In other words, if developers just want text support (but the new protocol), they include web_socket.js (and swfobject.js). If they want binary support then they also include web_socket_binary.js which adds the binary support too.

Is that is agreeable to you?

gimite commented 12 years ago

Having web_socket_binary.js is fine. But I want to make it another project e.g. web-socket-binary-js, and I won't maintain it myself, because I think supporting binaryType == "array" is out of scope of web-socket-js.

I haven't pulled any of binary support changes for now. But I'm OK to just pull ActionScript part. This would make it easier to implement web-socket-binary-js because you can reuse SWF file from web-socket-js.

kanaka commented 12 years ago

Support for sending arraybuffers is relevant to users of Firefox 4 and 5 because those versions have arraybuffer support but don't have WebSocket support enabled by default. So for firefox 4/5 arraybuffer is in scope for web-socket-js (at least in my opinion).

Arraybuffer binary support is also relevant if the developer wants to force web-socket-js on Chrome 5-13, Firefox 6,7,8, Safari 5.1 and 6. Those browser versions also have arraybuffers and websocket support but the builtin websocket support in those versions is missing binary support (or is not even using HyBi yet).

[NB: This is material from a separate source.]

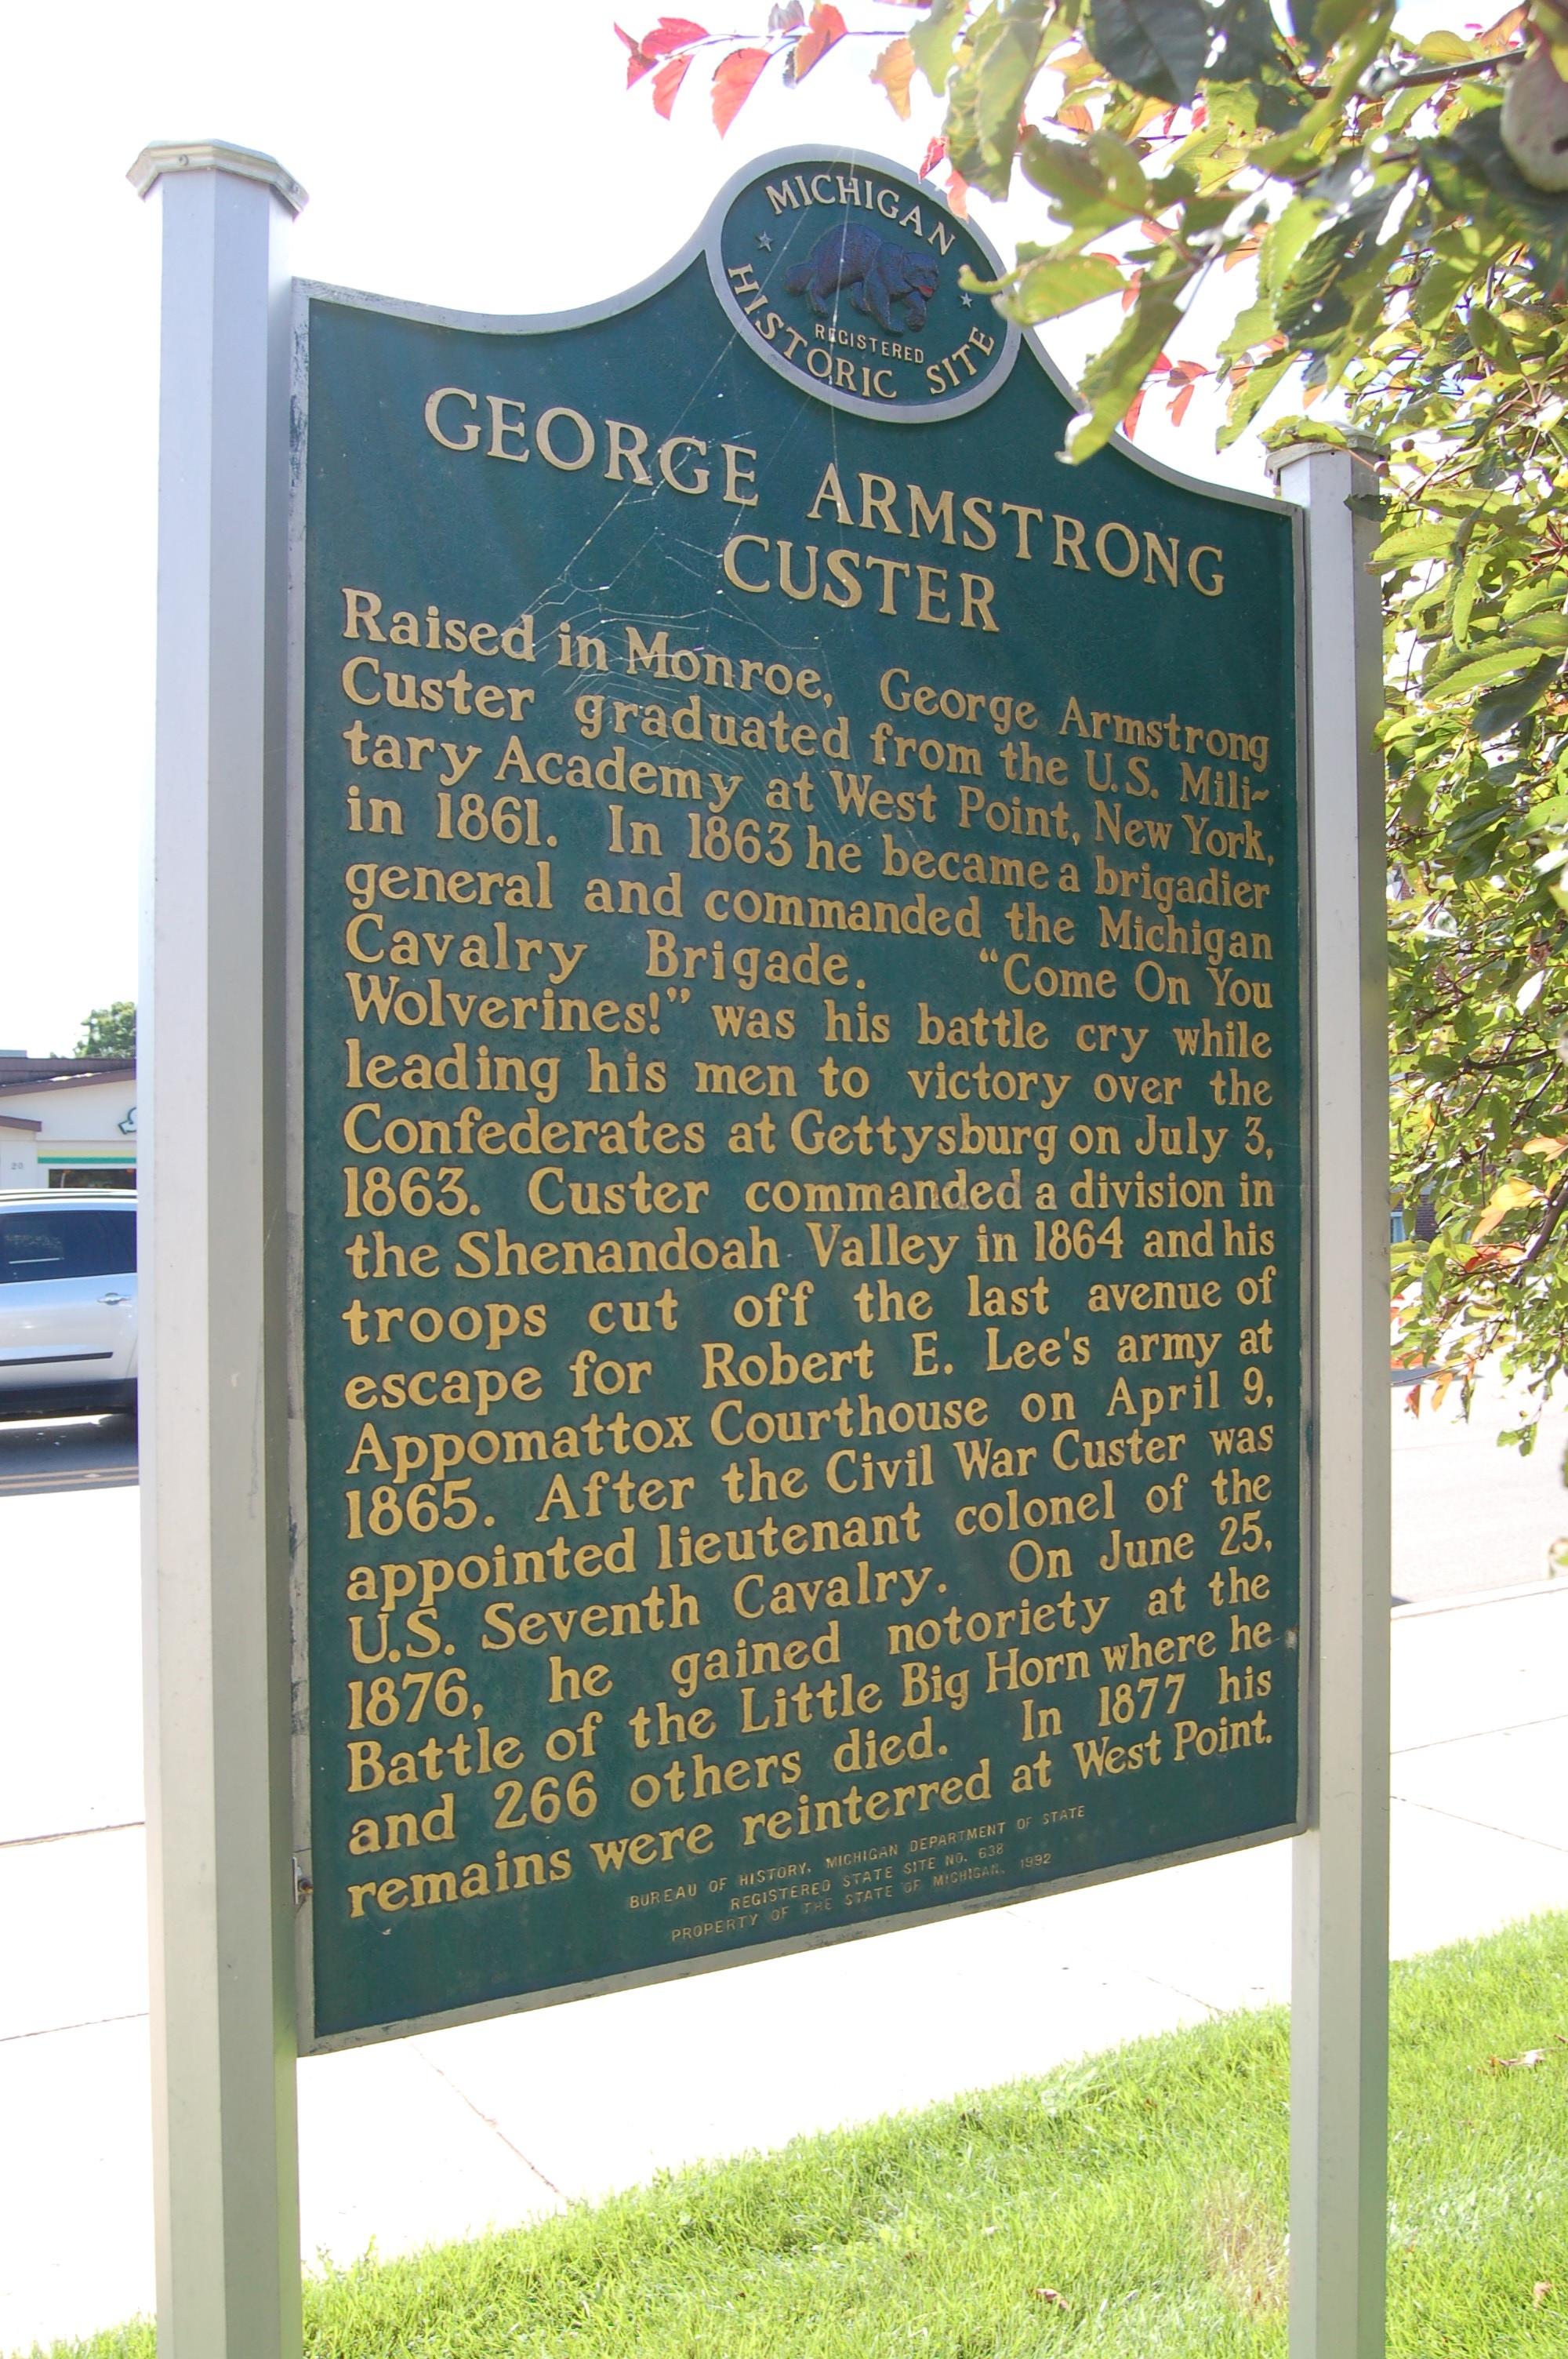 Michigan Roadside Attractions: George Custer Statue in

So adding support for sending and receiving ArrayBuffer data certainly seems within scope. Adding the additional support for binaryType ="array" is 3-5 extra lines in web_socket.js. Is that really worth creating a new project for that? A few extra lines that enable the ability to send binary data on every platform where web-socket-js can run seems line a pretty big win to me.

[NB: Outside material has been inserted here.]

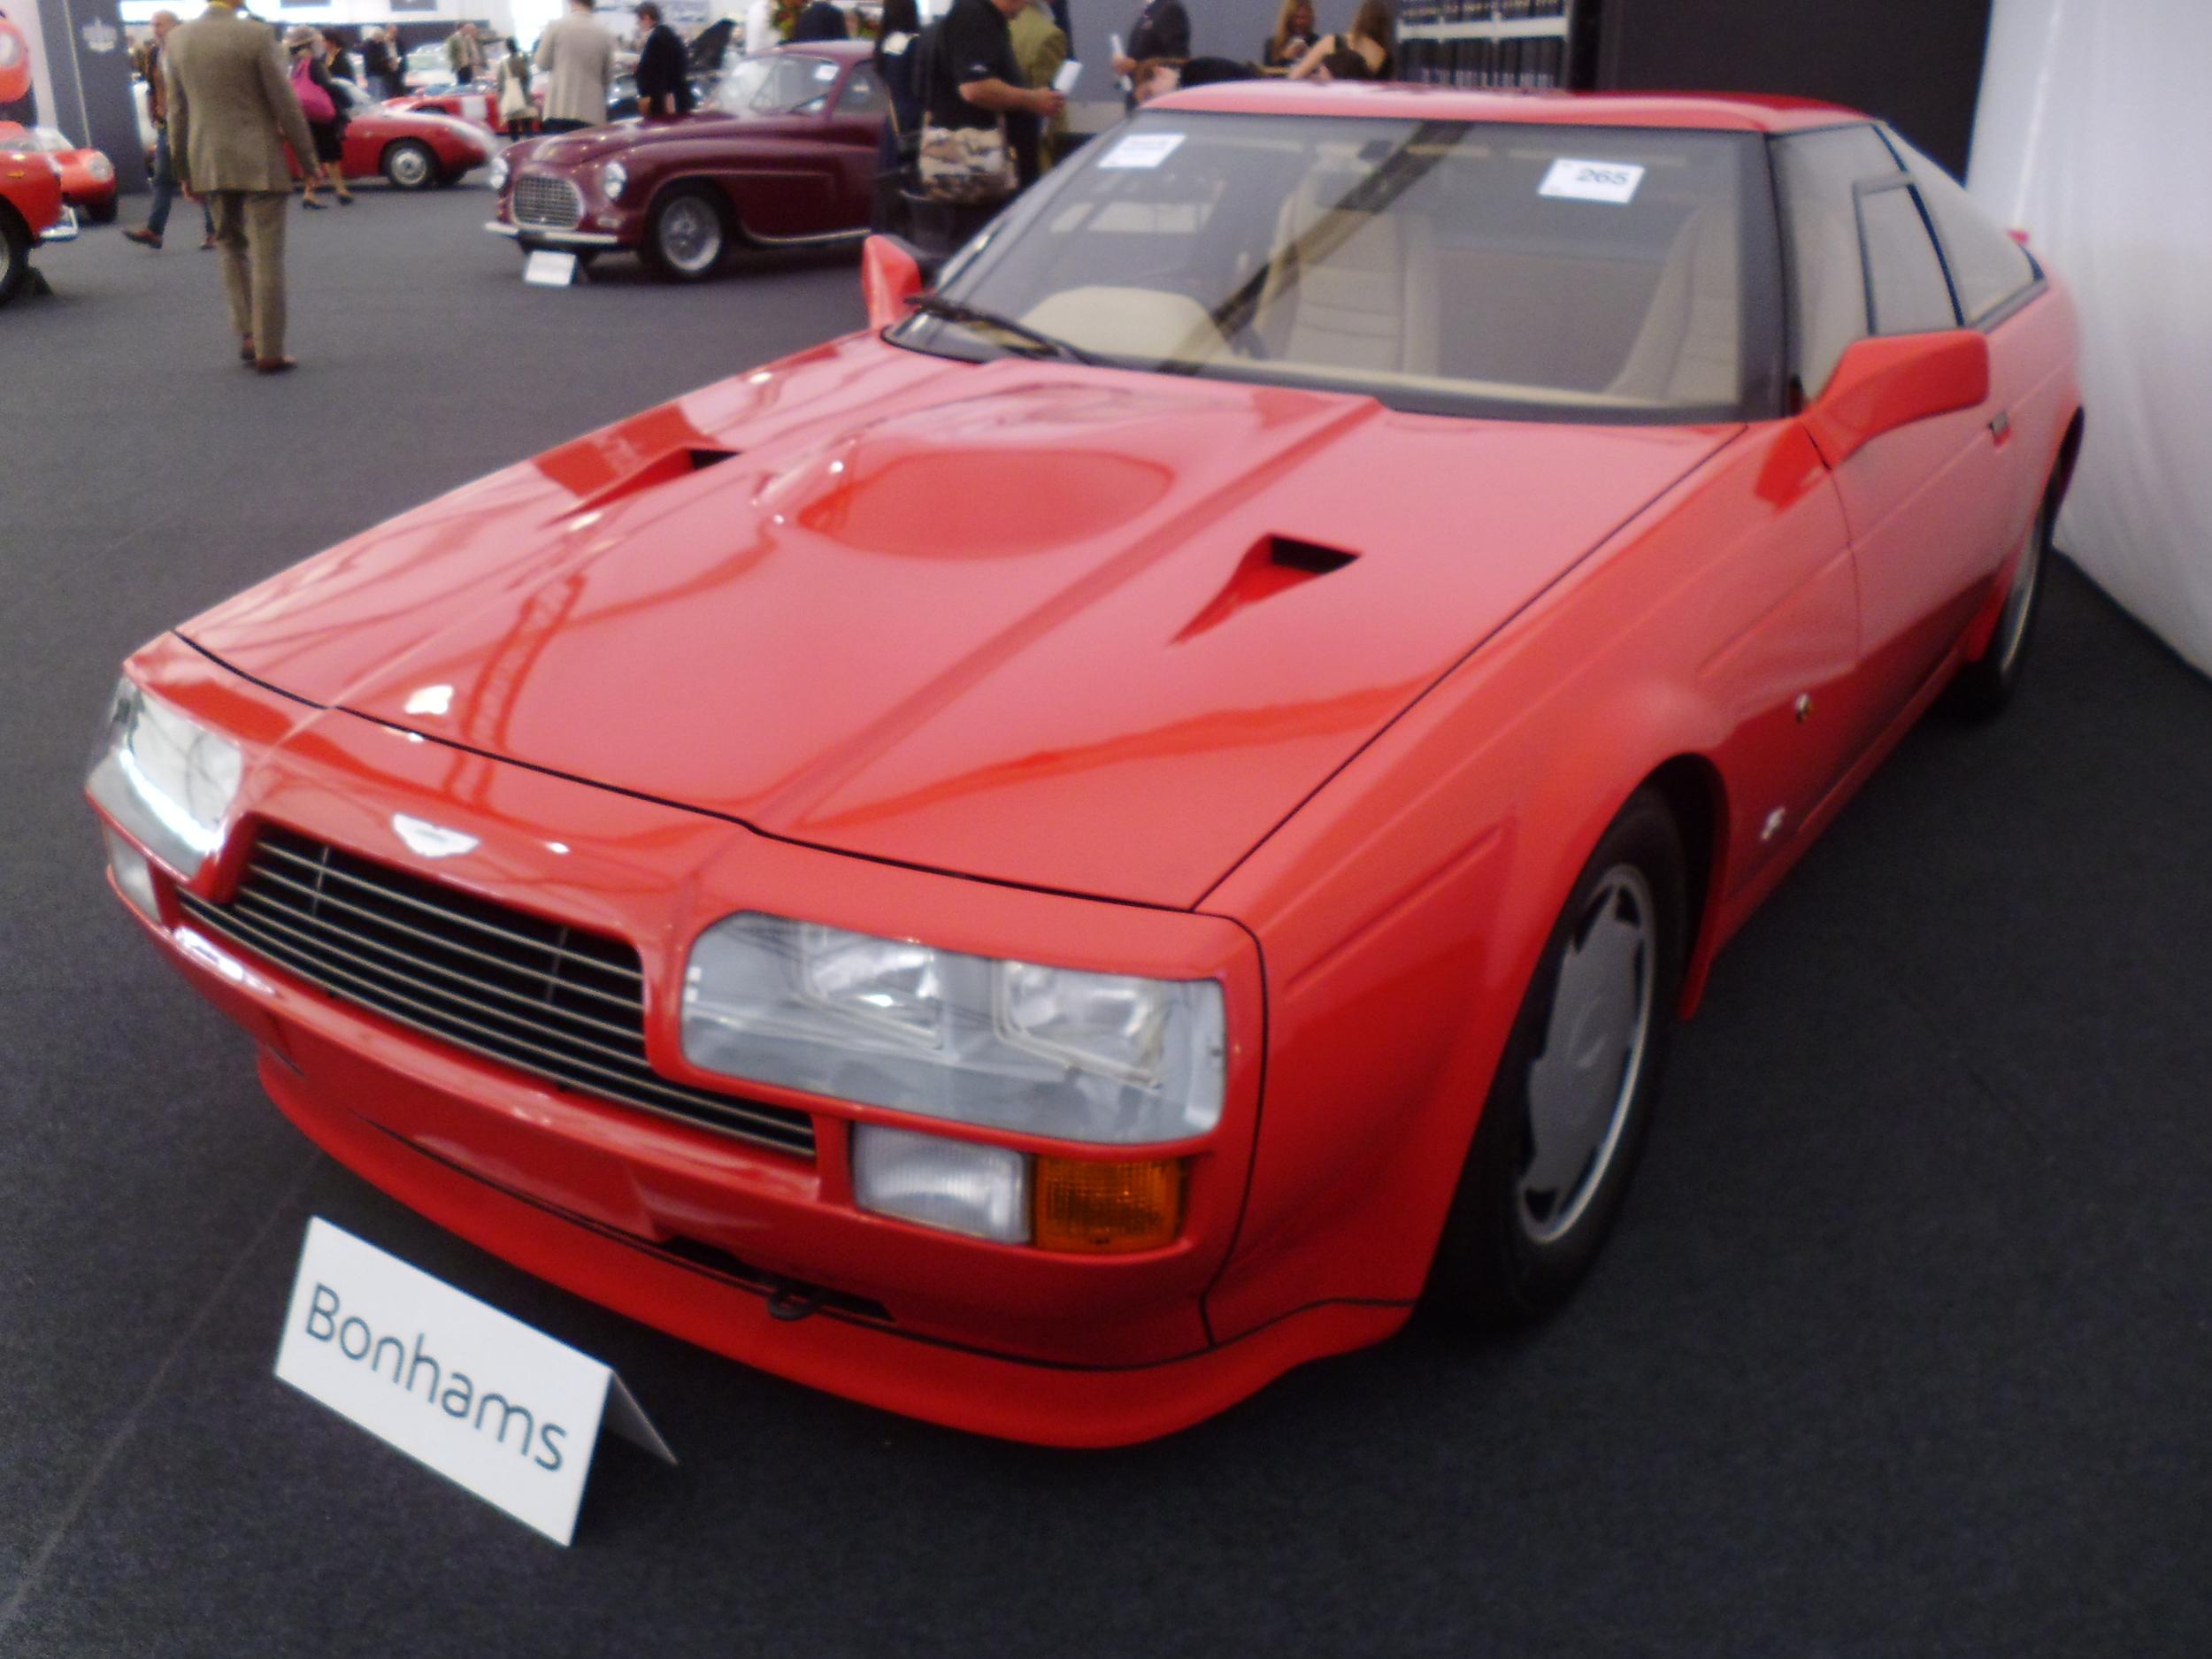 P1040567.JPG

gimite commented 12 years ago

Goal of web-socket-js is to provide WebSocket API when it's missing in the browser. So WEB_SOCKET_FORCE_FLASH, which overwrites native WebSocket, is a really hacky option. So I don't want to add something which is useful only when you force Flash. Based on that, I think:

I agree that things get trickier recently because now some browsers have WebSocket class but miss some features (such as binary). So there would be some use case where something like FORCE_FLASH is useful. But that's not a (main) goal of this library. Something focusing on that direction should be a separated project.

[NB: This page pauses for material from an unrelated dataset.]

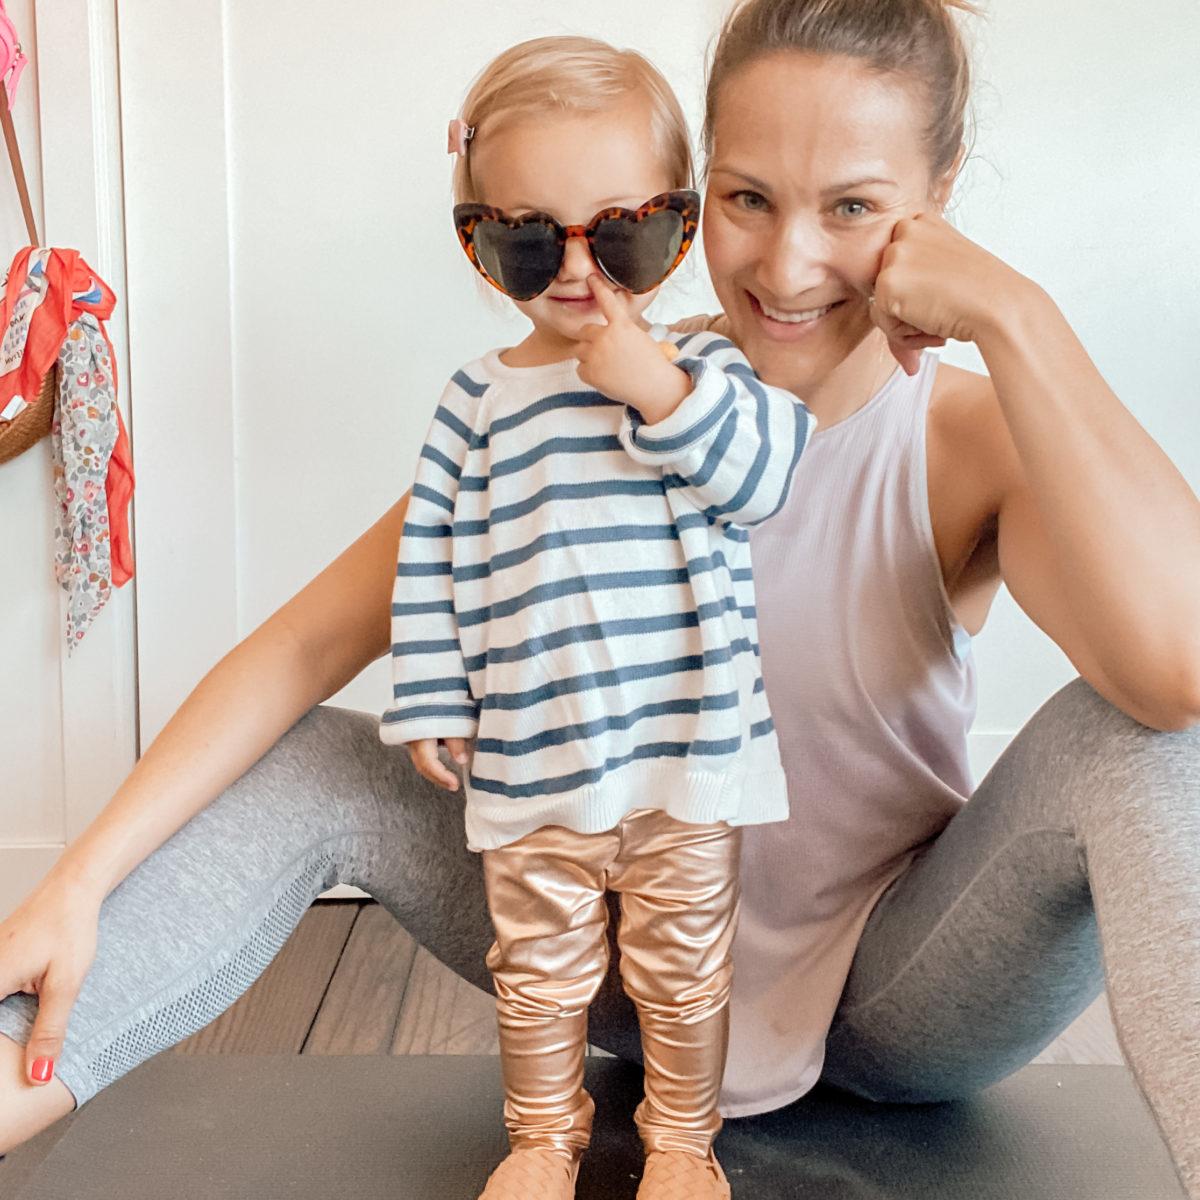 Why Mothers Make the bestentrepreneurs

kanaka commented 12 years ago

@gimite, I think I wasn't clear the first time. Firefox 4 and Firefox 5 support arraybuffer data types, but do not have WebSocket (at least not enabled by default). So for firefox 4 and firefox 5, allowing arraybuffers to be sent in web-socket-js makes perfect sense. In other words, whether or not we have support for binaryType="array" we should have support for binaryType="arraybuffer" in order to support firefox 4 and firefox 5 more fully.

So I think we should add binaryType="arrayBuffer", adding support for binaryType="array" is a separate issue that shouldn't affect that decision.

Also binaryType="array" is useful for more than just with WEB_SOCKET_FORCE_FLASH. It's useful on IE 6,7,8,9 and firefox 3.0,3.5,3.6 and Opera 10 and 11 (and probably 12 too) because none of those browsers have websocket support enabled by default.

Also, I'm willing to support both arraybuffer (and normal array) functionality in web-socket-js if that is your concern.

gimite commented 12 years ago

So I think we should add binaryType="arrayBuffer", adding support for binaryType="array" is a separate issue that shouldn't affect that decision.

I agree that it's separated issue. My first bullet point in previous post is about ArrayBuffer support. My second point is about binaryType="array" support.

For ArrayBuffer support, actually it depends on whether we use MozWebSocket (instead of Flash implementation) when available. I think we should, though we haven't yet. When we do that, even if we add ArrayBuffer support, it is available only on some old browsers (Firefox 4, 5), and is not available in latest version of all major browsers (Firefox 6, Chrome 14, etc.) assuming FORCE_FLASH is false. This doesn't seem very useful.